In February this year, the Employment Appeal Tribunal ruled that withdrawing the offer was direct discrimination. This builds on the Court of Appeal’s ruling in Higgs v Farmor’s School.
But key questions remain unresolved – above all, whether an employer can demand “assurances” about a job applicant’s conduct simply because it discovers they hold biblical beliefs about marriage. Ngole and the Christian Legal Centre intend to take those questions to the Court of Appeal.
“They’re not targeting me for hating anyone or for harming anyone”, Ngole says. It’s because “I believe in the Bible”.
What makes the case more troubling still is Touchstone’s response to the finding that it had discriminated. “It’s almost like it’s a badge of honour”, Ngole says. “We discriminated against him because how could he believe that God created us male and female?”
He is far from alone. The Evangelical Alliance’s Confident Faith, Contested Culture report, released this week, found that nearly a quarter of evangelical Christians feel hesitant to talk about their faith at work.
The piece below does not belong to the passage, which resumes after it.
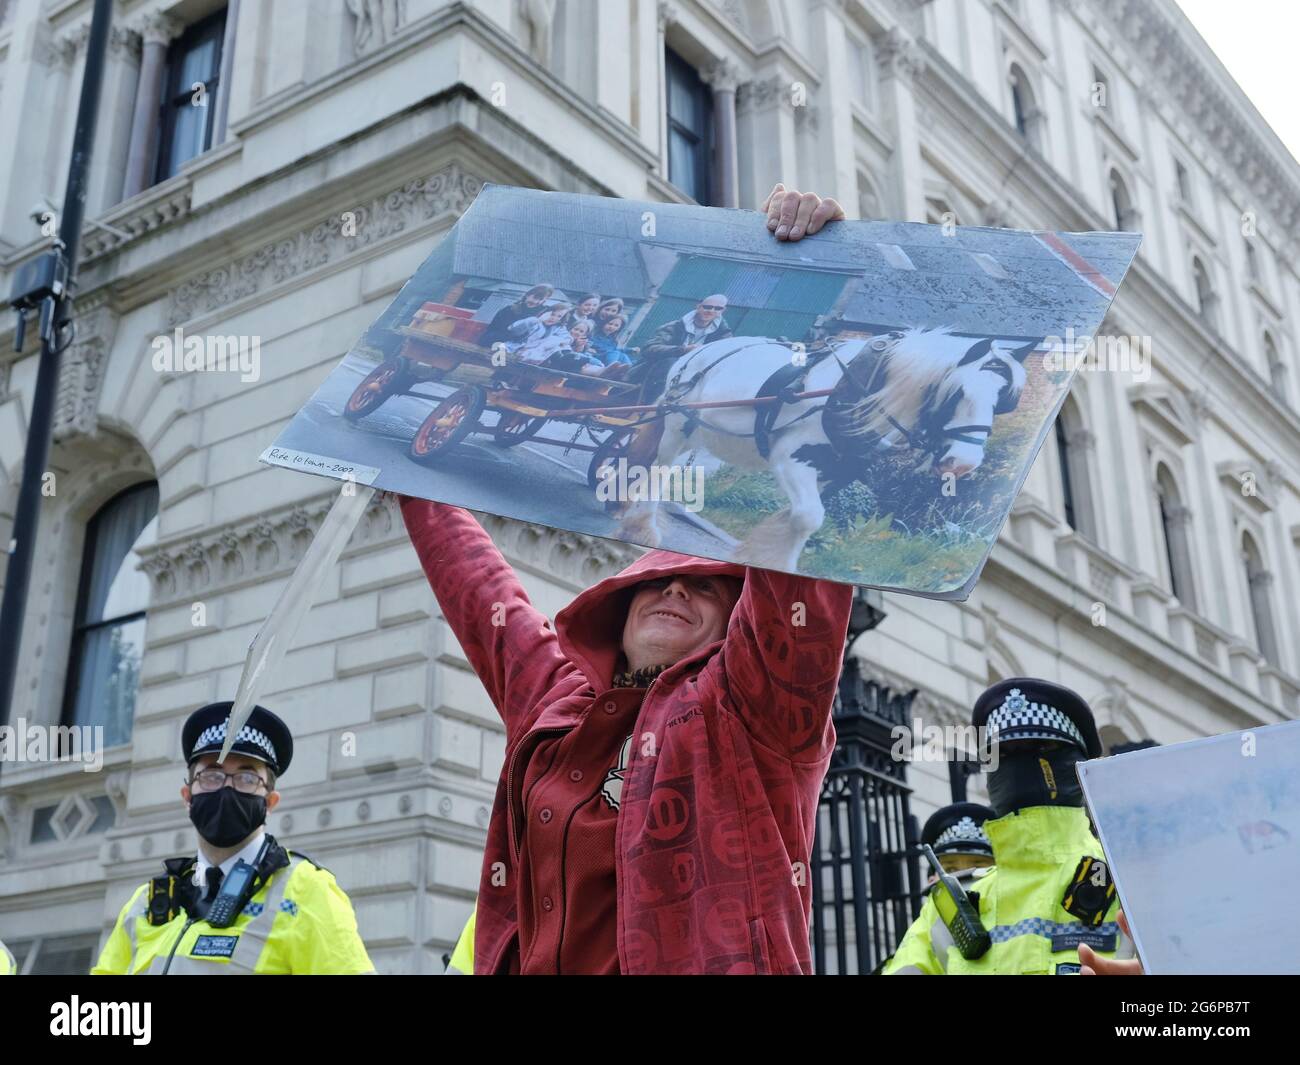 Un homme se tient en face de Downing Street pour protester contre le projet de loi sur la criminalité et la peine, qui selon les activistes criminaliserait les voyageurs. Banque D'Images
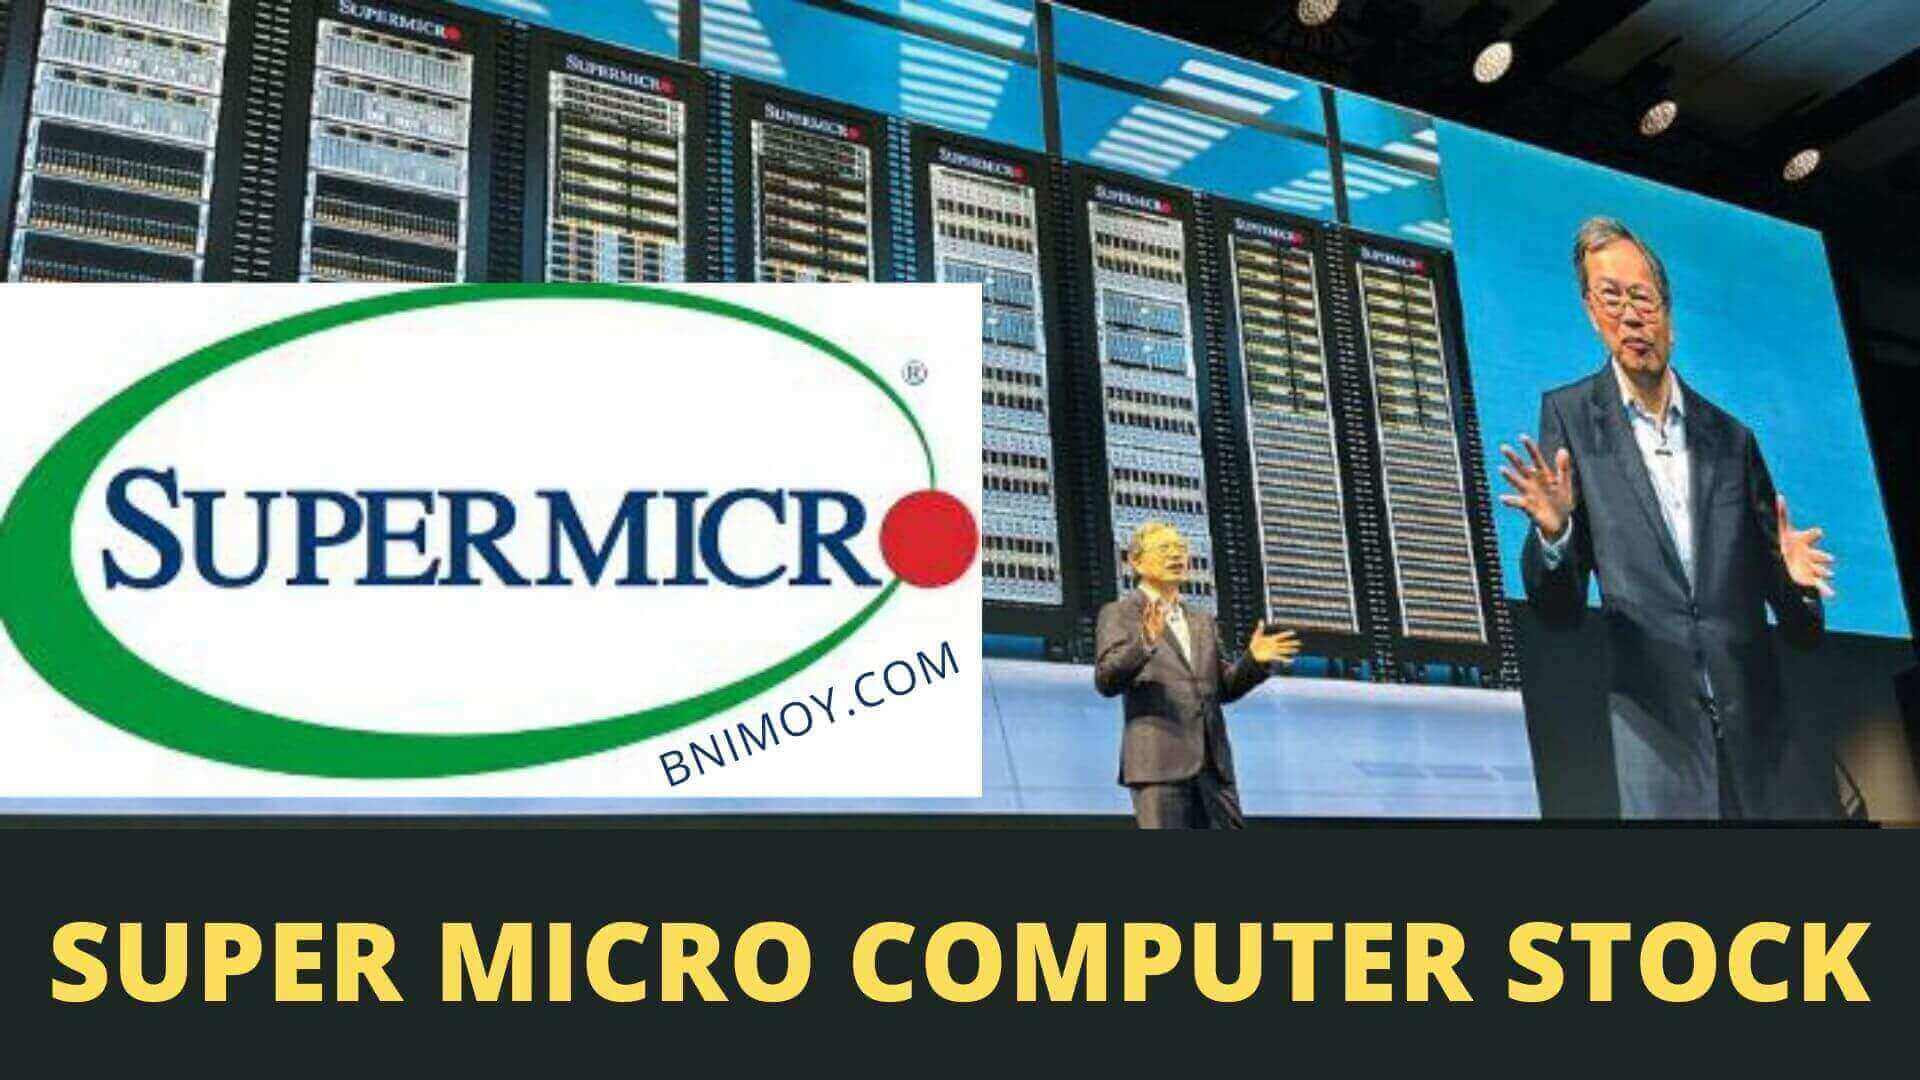 Super Micro Computer, Super Micro Computer stock, super micro computer news,

Some 88% say practising their faith has become harder or stayed the same over the past five years. The researchers describe “a widening gap between formal freedom and lived confidence”.
Yet Ngole presses on. “If it means that I have to go through more pain just to make sure that somebody else doesn’t go through the same thing”, he says, “I think that would be worthwhile”.
The law is shifting. The courage is coming from people like Felix. But the fight is far from over – because marriage, the lifelong union of one man and one woman, is not an opinion to be screened out of public life. It is the bedrock on which families and communities stand. That is what Coalition for Marriage is here to defend – and Felix Ngole’s decade of courage is proof of why that defence is still needed.